Sample Compatibility & Compliance
This mortar bowl is validated for processing high-purity inorganic powders (e.g., LiCoO₂, Y₂O₃, SiC), pharmaceutical actives (APIs) and excipients, catalyst precursors, geological standards (e.g., NIST SRMs), and nanomaterial dispersions. Its inertness eliminates catalytic side reactions common with metal mortars during mechanochemical synthesis. The material complies with USP for pharmaceutical contact surfaces and satisfies ISO 13485 Annex A.2 criteria for cleanability in medical device R&D. While not certified under FDA 21 CFR Part 11, its physical traceability (batch-coded upon request) and compatibility with documented SOPs support audit readiness for GMP and GLP environments.

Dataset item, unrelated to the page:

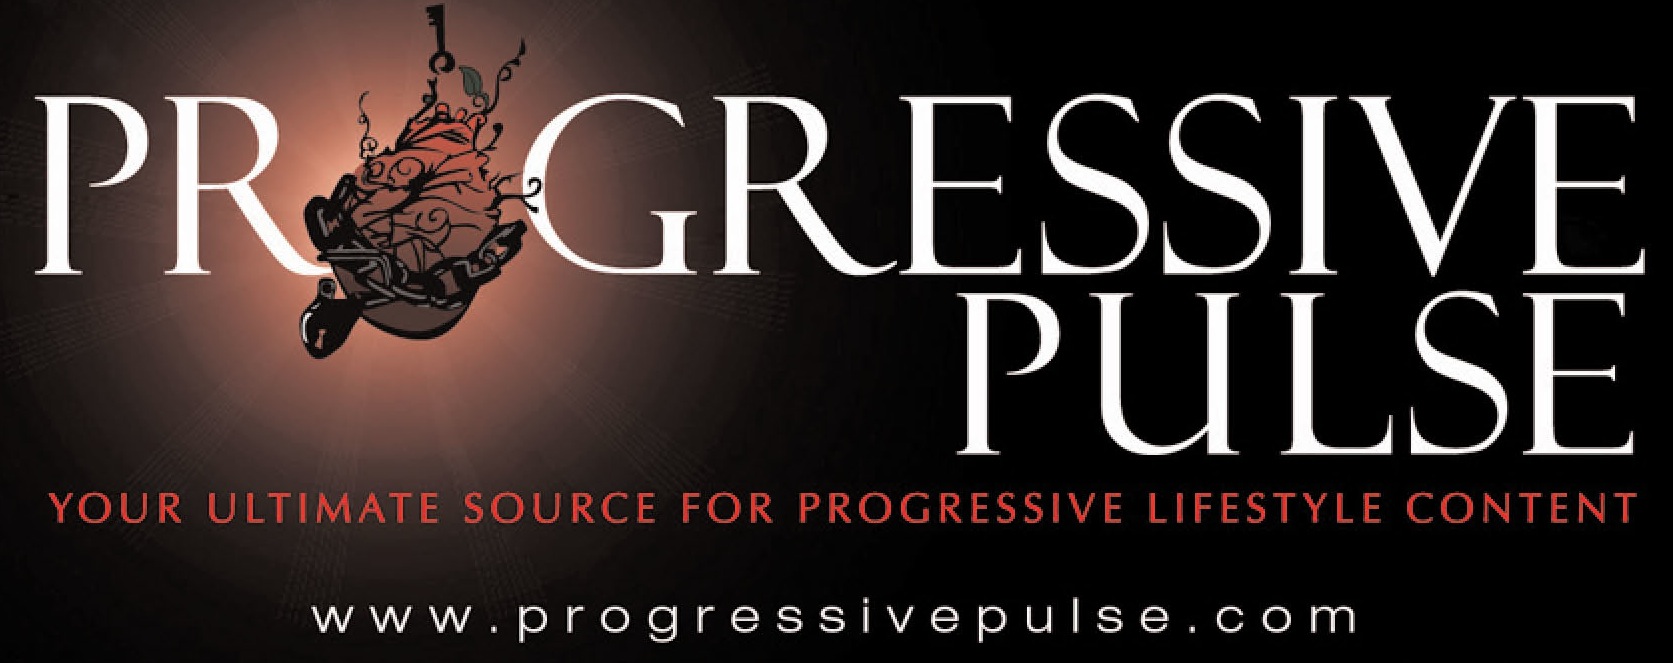 Progressive Pulse online magazine @ProgressivePuls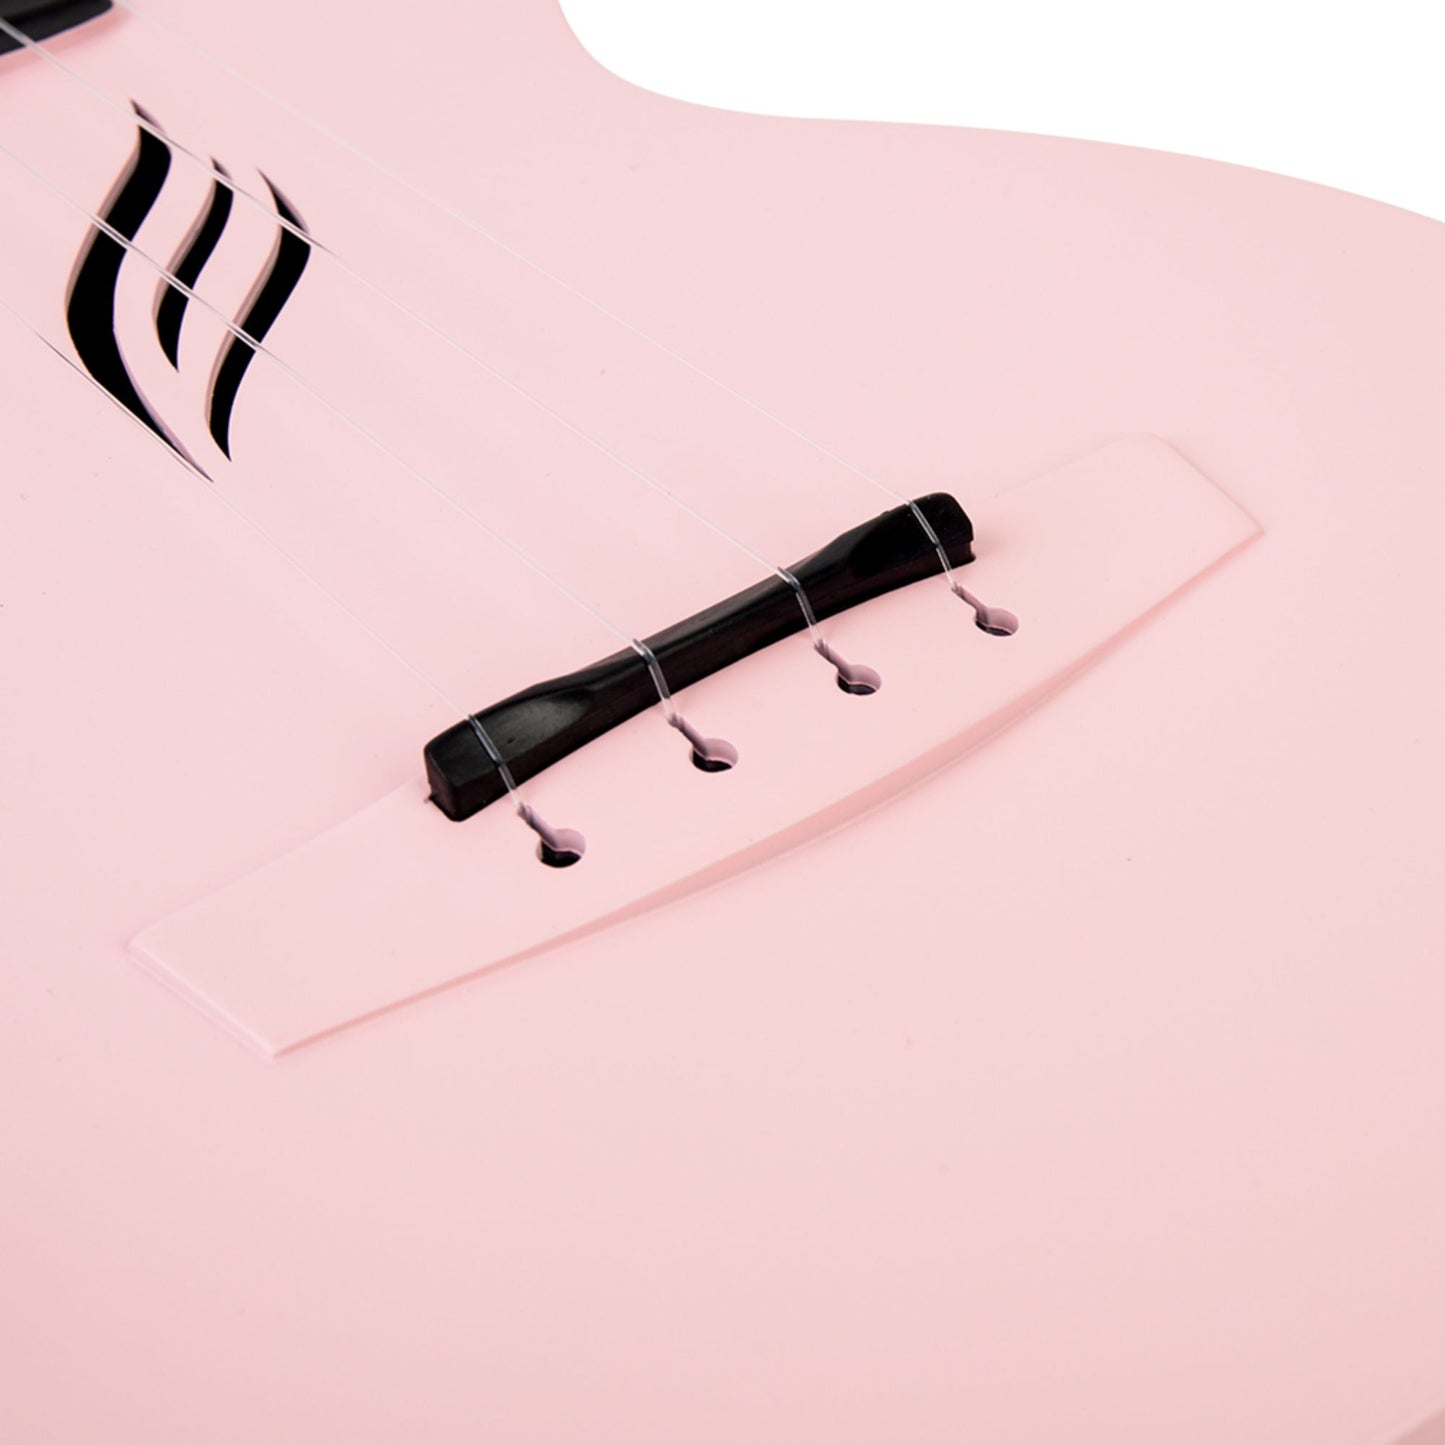 Enya Concert Nova UE Carbon Fiber Travel Ukulele with AcousticPlus- Pink

Software & Data Management
As a passive, manually operated tool, the mortar bowl requires no embedded software or firmware. However, its use integrates seamlessly into digital lab workflows: sample IDs, grinding duration, pestle material, and environmental conditions (e.g., humidity, glovebox O₂ level) can be logged within LIMS platforms such as LabVantage or Thermo Fisher SampleManager. For automated systems, it is compatible with motorized pestle actuators (e.g., Retsch MM 500) when mounted on standardized holders—enabling timestamped, parameter-controlled grinding protocols with full electronic record retention per ALCOA+ principles.
Applications
- Pretreatment of samples prior to X-ray diffraction (XRD) and SEM-EDS analysis, ensuring homogeneous particle distribution and minimizing preferred orientation artifacts.
- Homogenization of certified reference materials (CRMs) for calibration curve preparation in atomic spectroscopy.
- Low-energy milling of heat-sensitive APIs to achieve target particle size distributions (PSD) without thermal degradation.
- Preparation of fused bead samples for wavelength-dispersive XRF, where contamination from crucible or mortar residue must be below detection limits.
- Mechanochemical activation of solid-state battery cathode precursors, leveraging alumina’s dielectric stability (εᵣ ≈ 9.8 at 1 MHz) to avoid arcing or localized heating.
FAQ
Is this mortar suitable for cryogenic grinding?
Yes—alumina retains mechanical integrity down to –196°C (liquid nitrogen temperature); however, thermal shock must be avoided by gradual cooling and use of compatible cryo-pestles.
Can it be cleaned in an ultrasonic bath?
Yes, using neutral pH aqueous or ethanol-based solvents; avoid HF-containing solutions or strong alkalis above 100°C.
What pestle material is recommended for maximum compatibility?
Alumina pestles are optimal; silicon carbide or tungsten carbide may cause abrasive wear over time due to hardness mismatch.
Does the bowl require calibration or periodic verification?
No formal calibration is required, but dimensional inspection (diameter, depth tolerance ±0.2 mm) and visual crack assessment should be performed quarterly per internal QA procedures.
Is documentation available for material traceability?
Batch-specific CoA (Certificate of Analysis) including XRF assay data and mechanical test reports can be provided upon order confirmation.